Modern statistical software makes it easier than ever to do thorough data screening/cleaning and to test assumptions associated with the analyses researchers perform.
However, few authors (even in top-tier journals) seem to be reporting data cleaning/screening and testing assumptions associated with the statistical analyses being reported. Few popular textbooks seem to focus on these basics.
In the 21st Century, with our complex modern analyses, is data screening and cleaning still relevant? Do outliers or extreme scores matter any more? Does having normally distributed variables improve analyses? Are there new techniques for screening or cleaning data that researchers should be aware of?
Are most analyses robust to violations of most assumptions, to the point that researchers really don't need to pay attention to assumptions any more?

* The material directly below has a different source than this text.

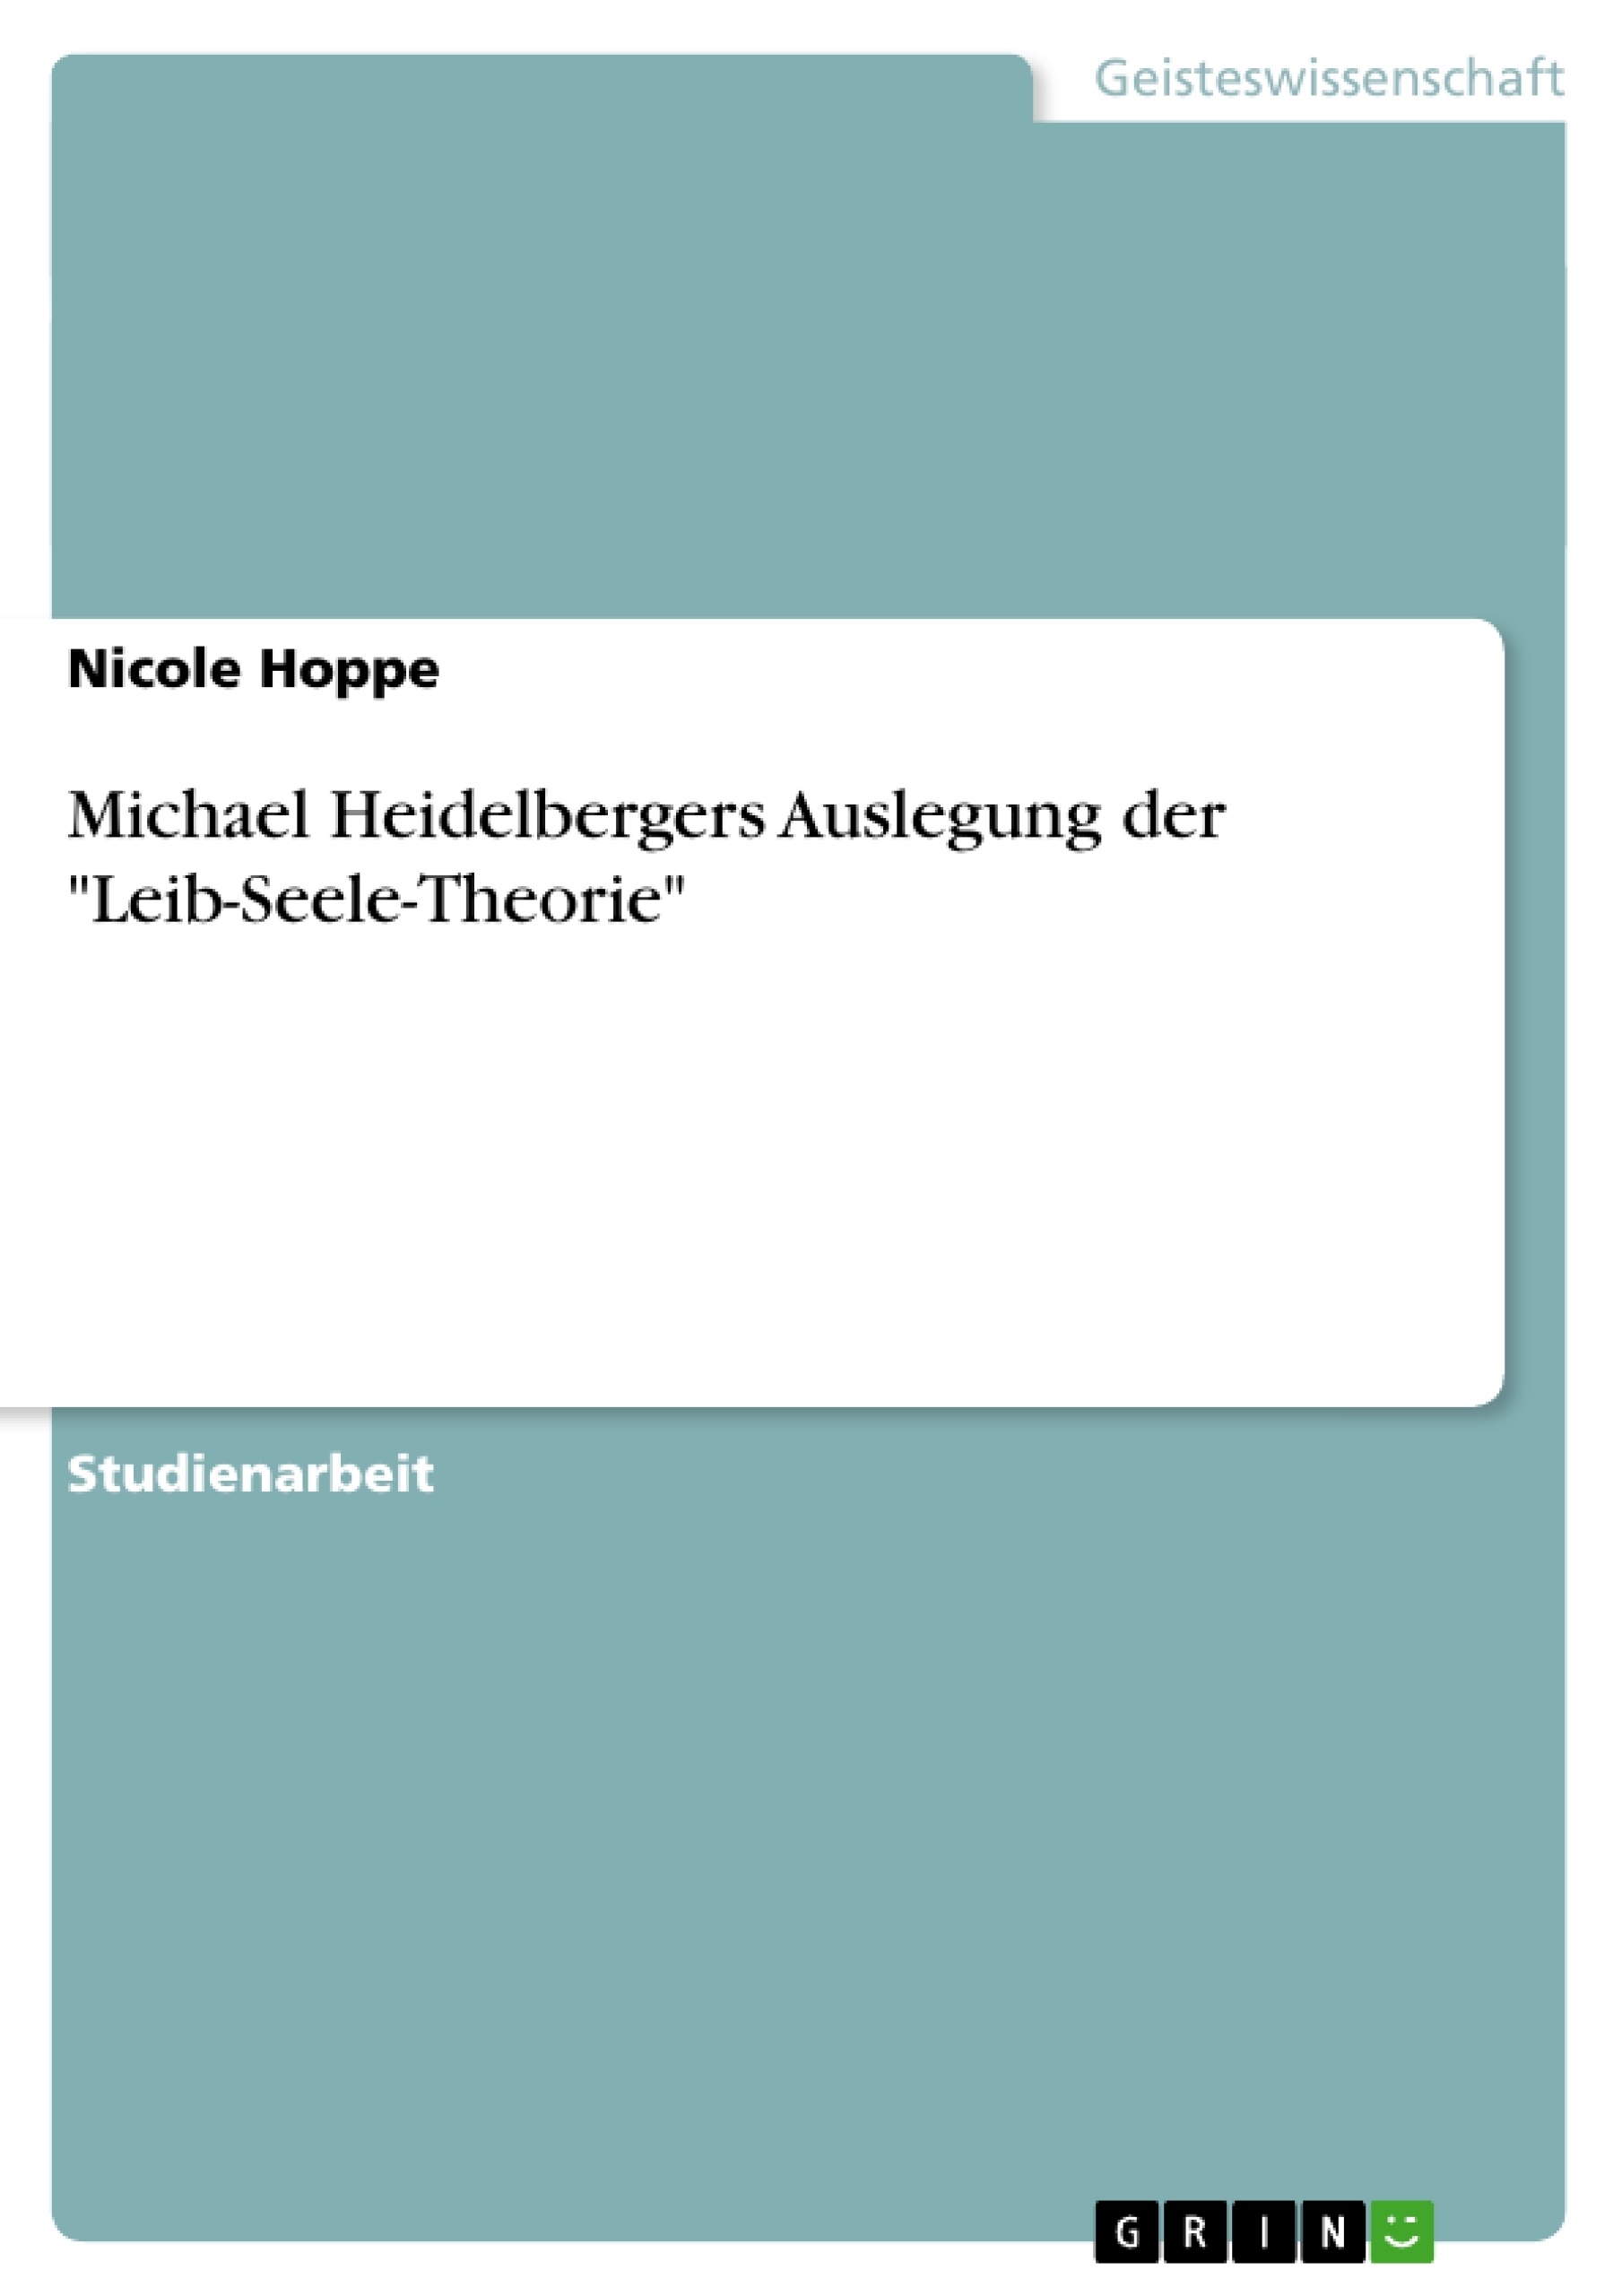 Título: Michael Heidelbergers Auslegung der "Leib-Seele-Theorie"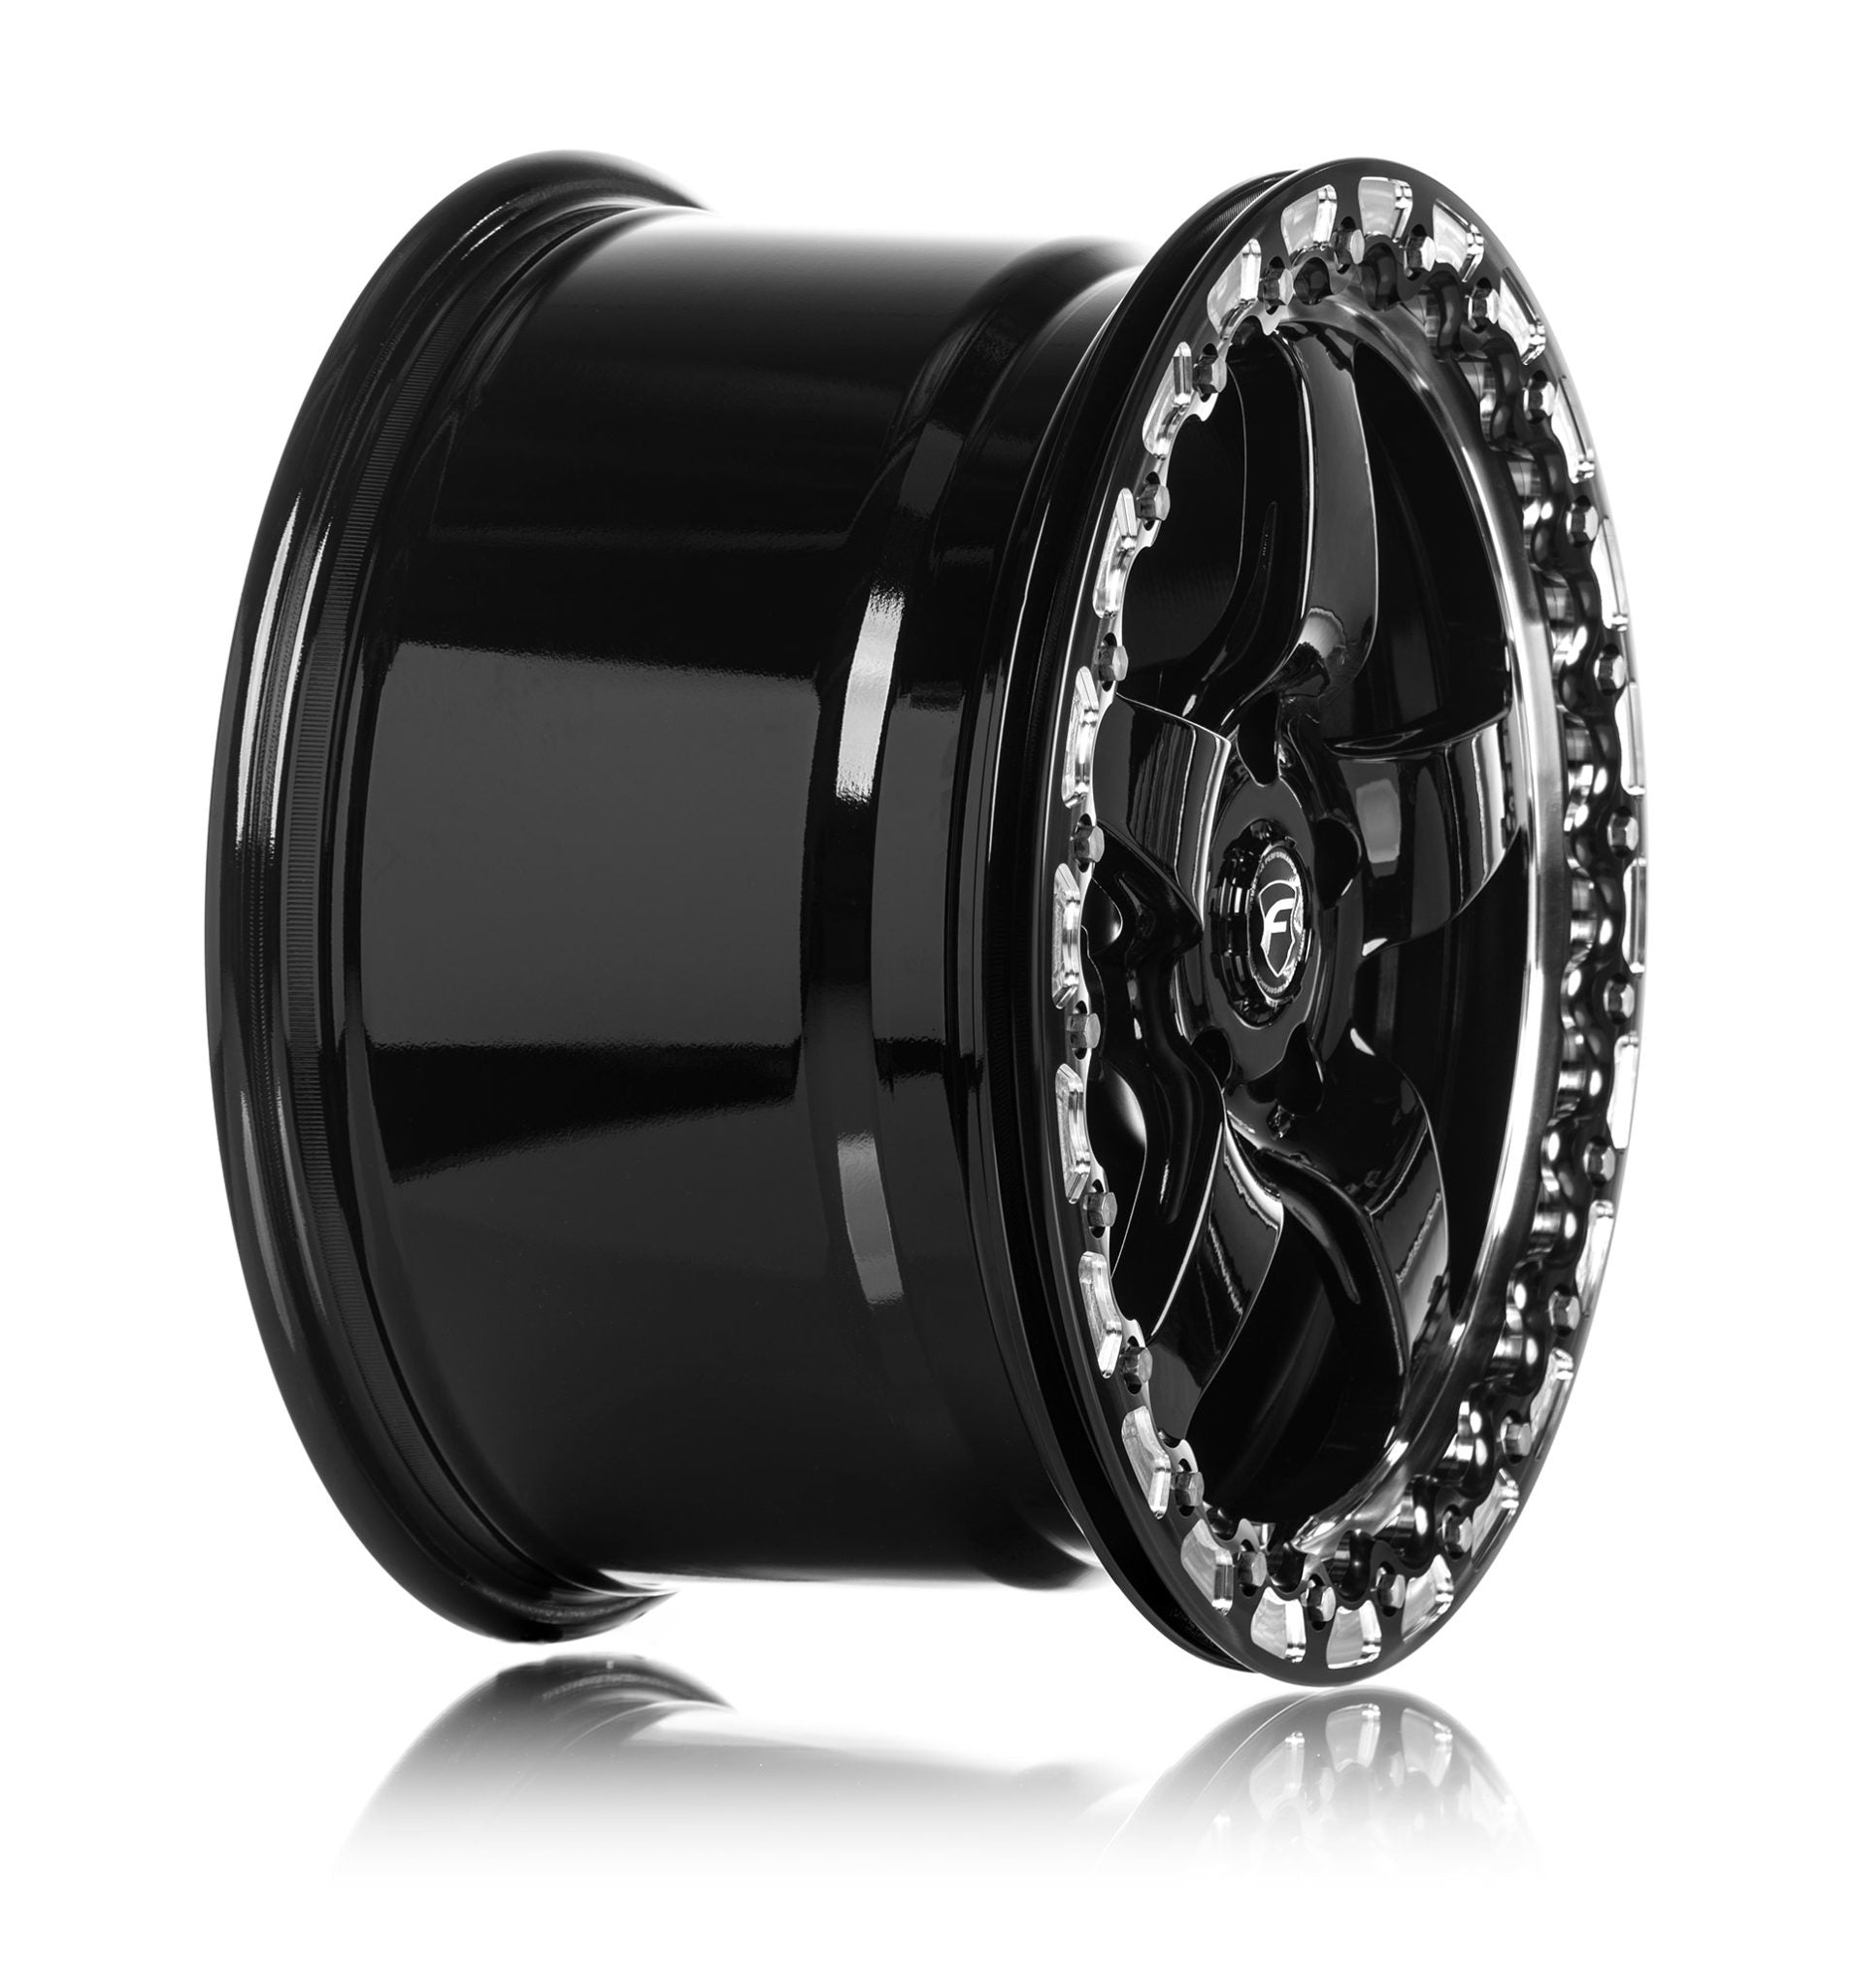 Forgestar D5 BEADLOCK Drag Racing Wheels - Gloss Black w/Machined Lip - 18x12 - Sold Individually - Motorsports LA

My goal for this Research Topic is examine this issue with fresh eyes and 21st century methods. I believe that we can demonstrate that these things do still matter, even when using "robust" methods or non-parametric techniques, and perhaps identify when they matter MOST or in what way they can most substantially affect the results of an analysis.
I believe we can encourage researchers to change their habits through evidence-based discussions revolving around these issues. It is possible we can even convince editors of important journals to include these aspects in their evaluation /review criteria, as many journals in the social sciences have done with effect size reporting in recent years.
I encourage you to join me in demonstrating WHY paying attention to these mundane aspects of quantitative analysis can be beneficial to researchers.